Insights30 de mayo de 20266 min read

Streaming Claude into KaTeX: the 80-character batching trick.

Why naive token-by-token streaming breaks LaTeX rendering — and the small batching pattern from Mathmatika that makes streaming math feel native.

A streamed math explanation mid-flight — a partial sentence ending mid-LaTeX expression, the formula half-rendered, with a small batching counter ticking 0/80 in the corner.

If you stream Claude tokens directly into a KaTeX renderer, the output flickers and re-renders every chunk. Math becomes unreadable. Here's the small batching pattern from Mathmatika that fixes it — and why the lesson generalizes to every content type that needs the full string to render correctly.

Mathmatika is our AI math and DSA learning platform. Students upload PDFs, ask questions, and get back streaming explanations with KaTeX-rendered formulas. "Streaming" here is the part everyone underestimates.

Token streaming is wonderful for English prose. Each token arrives, the UI appends it, the user perceives the response as fast even though the underlying model is taking its time. This is the default streaming UX of every modern AI chat product.

Now try it with math. The first token of a formula is `\`. The KaTeX renderer doesn't know that's a `\frac` yet. The next token is `f`. Still doesn't know. The next is `r`. Then `a`. Then `c`. Then `{`. Then `1`. Then `}`. Then `{`. Then `2`. Then `}`. At every step, KaTeX is being asked to render an incomplete LaTeX expression. It throws. The UI shows red error boxes. The user sees broken math.

The naive fix doesn't work

The first instinct is to detect when you're inside a LaTeX expression and pause rendering until the closing brace. This is fragile in practice. LaTeX expressions can be deeply nested. Detection requires real parsing, which means writing a tiny LaTeX tokenizer inside your render loop, which means maintaining state across stream chunks.

It can be done. We tried. The code is unfun to debug and gets worse the moment Claude emits unusual constructs like `\begin{cases}` or aligned multi-line equations.

The 80-character batching trick

What we actually shipped: instead of rendering every incoming token, the streaming layer batches incoming characters in an 80-character buffer. The renderer fires only when the buffer hits 80 characters, or when the stream completes. The buffer flushes after every render.

Eighty characters is large enough that any inline LaTeX expression typically fits within a single batch. The renderer sees a coherent chunk — usually a full expression or a partial expression that ends at a safe boundary — and renders it cleanly. The user perceives smooth, slightly-chunkier streaming rather than choppy character-by-character output. And nothing throws.

Eighty was an empirical choice. We tried 40 (too small, still partial-expression renders). 200 (works, but the streaming feels less alive). 80 is the sweet spot in our content — long enough to contain most inline LaTeX, short enough to feel responsive.

A diagram of the streaming pipeline — Claude tokens entering a buffer counter, flushing every 80 characters to the KaTeX renderer, the rendered math appearing in chunks rather than character-by-character.
Buffer fills to 80, flushes, renders, repeats. Math arrives in coherent units.

The lesson generalizes

Streaming UX assumes the rendered content type is append-friendly.
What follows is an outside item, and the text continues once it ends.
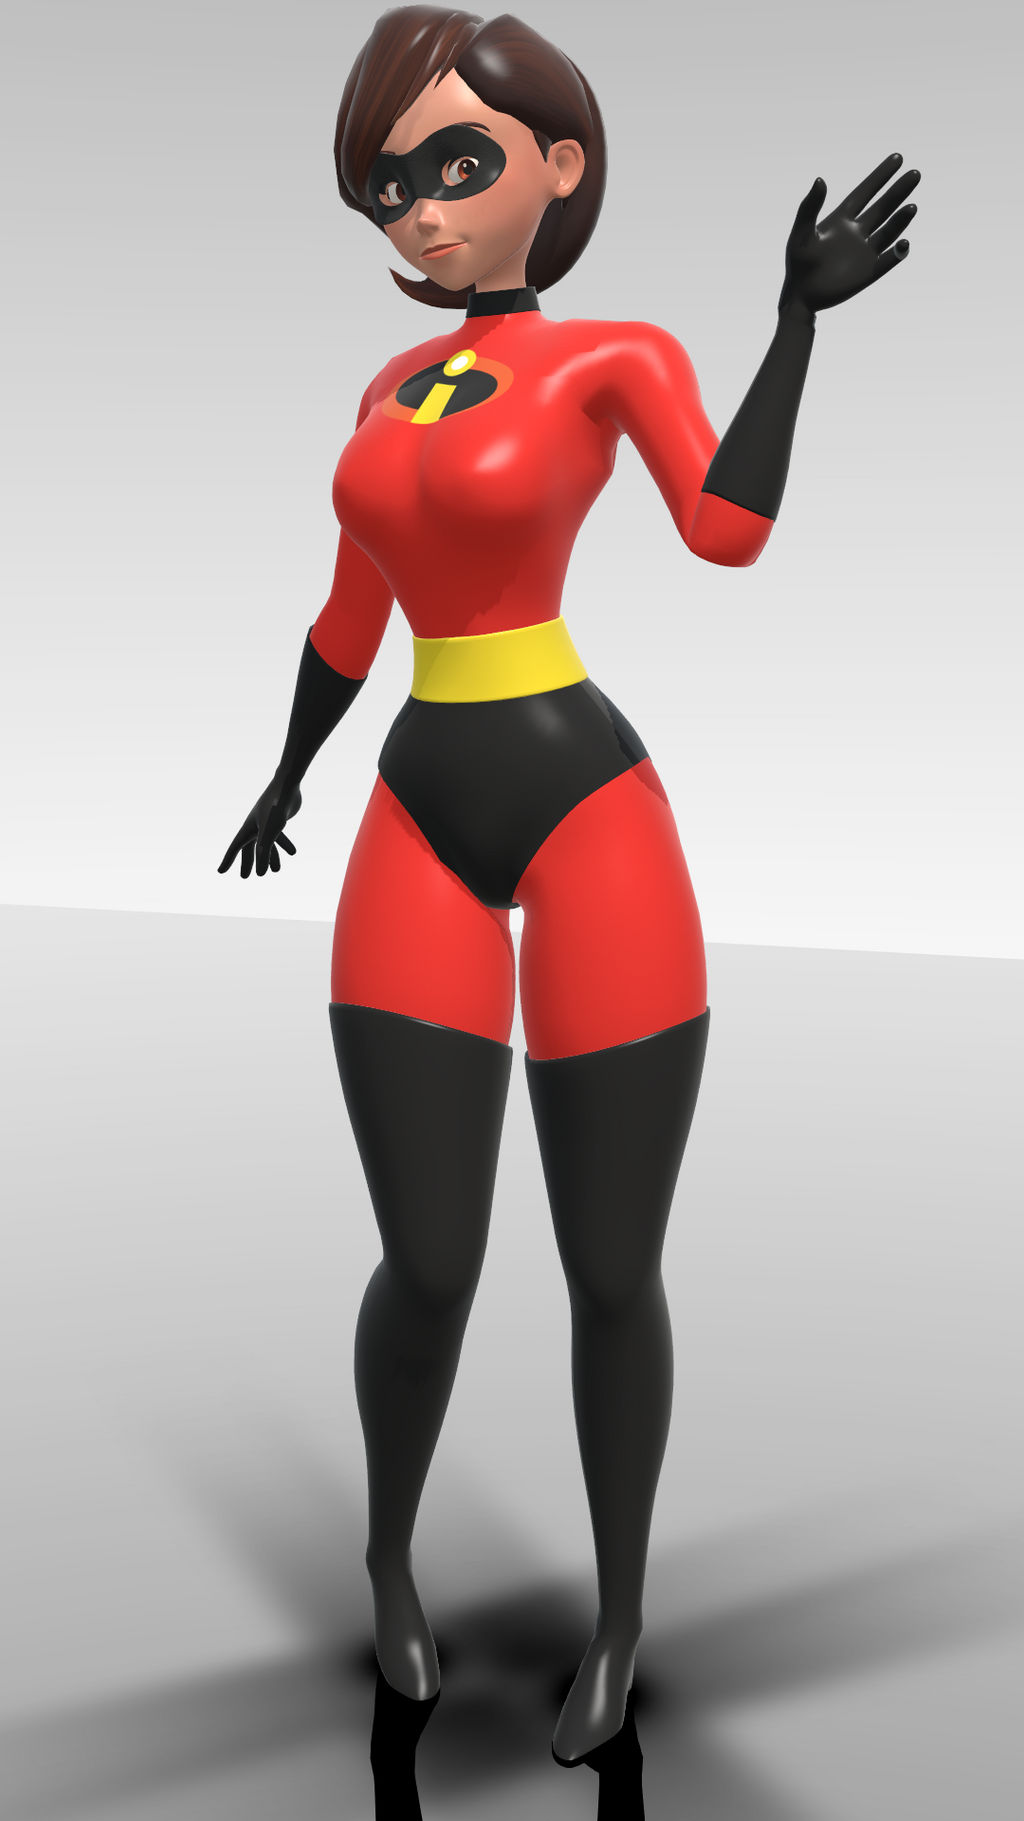 Helen parr big boobs deviantart Mmd Incredibles 2 Elastic Girl Model By Caribeandragon On Deviantart

Prose is. Markdown is, mostly. Anything that requires the renderer to see a coherent expression — LaTeX, JSX, SVG, syntax-highlighted code with multi-line constructs — is not.

For any of those content types, you want a batching layer between the stream and the renderer. The batching can be character-count-based (our 80-char), expression-boundary-based (parse for safe split points), or duration-based (flush every 50ms). Each has trade-offs. The character-count approach is the cheapest and works surprisingly well in practice.

The principle: streaming UX is a renderer property, not a transport property. The stream is what arrives at the boundary. What the renderer wants is what the renderer wants, and you compose between them.

Streaming UX is a renderer property, not a transport property. The stream is what arrives; what the renderer wants is what the renderer wants.

On streaming any non-prose content

What we'd start with on day one

If you're shipping streaming AI into anything that isn't pure prose, add a buffer. 80 characters is a great default for math; pick a different number for your content type by trial. Flush on buffer-full or stream-complete. Re-render the whole rendered section on each flush; trying to render incrementally inside the renderer is a separate, harder problem.

And — if you find yourself writing a tokenizer inside your streaming layer, stop. The batching trick is the cheap answer.

Stream into the renderer the renderer wants, not the renderer you wish you had.

Mathmatika is in advanced prototype. The streaming-with-formula-rendering pattern is portable to any LLM-powered learning, scientific, or technical-writing product.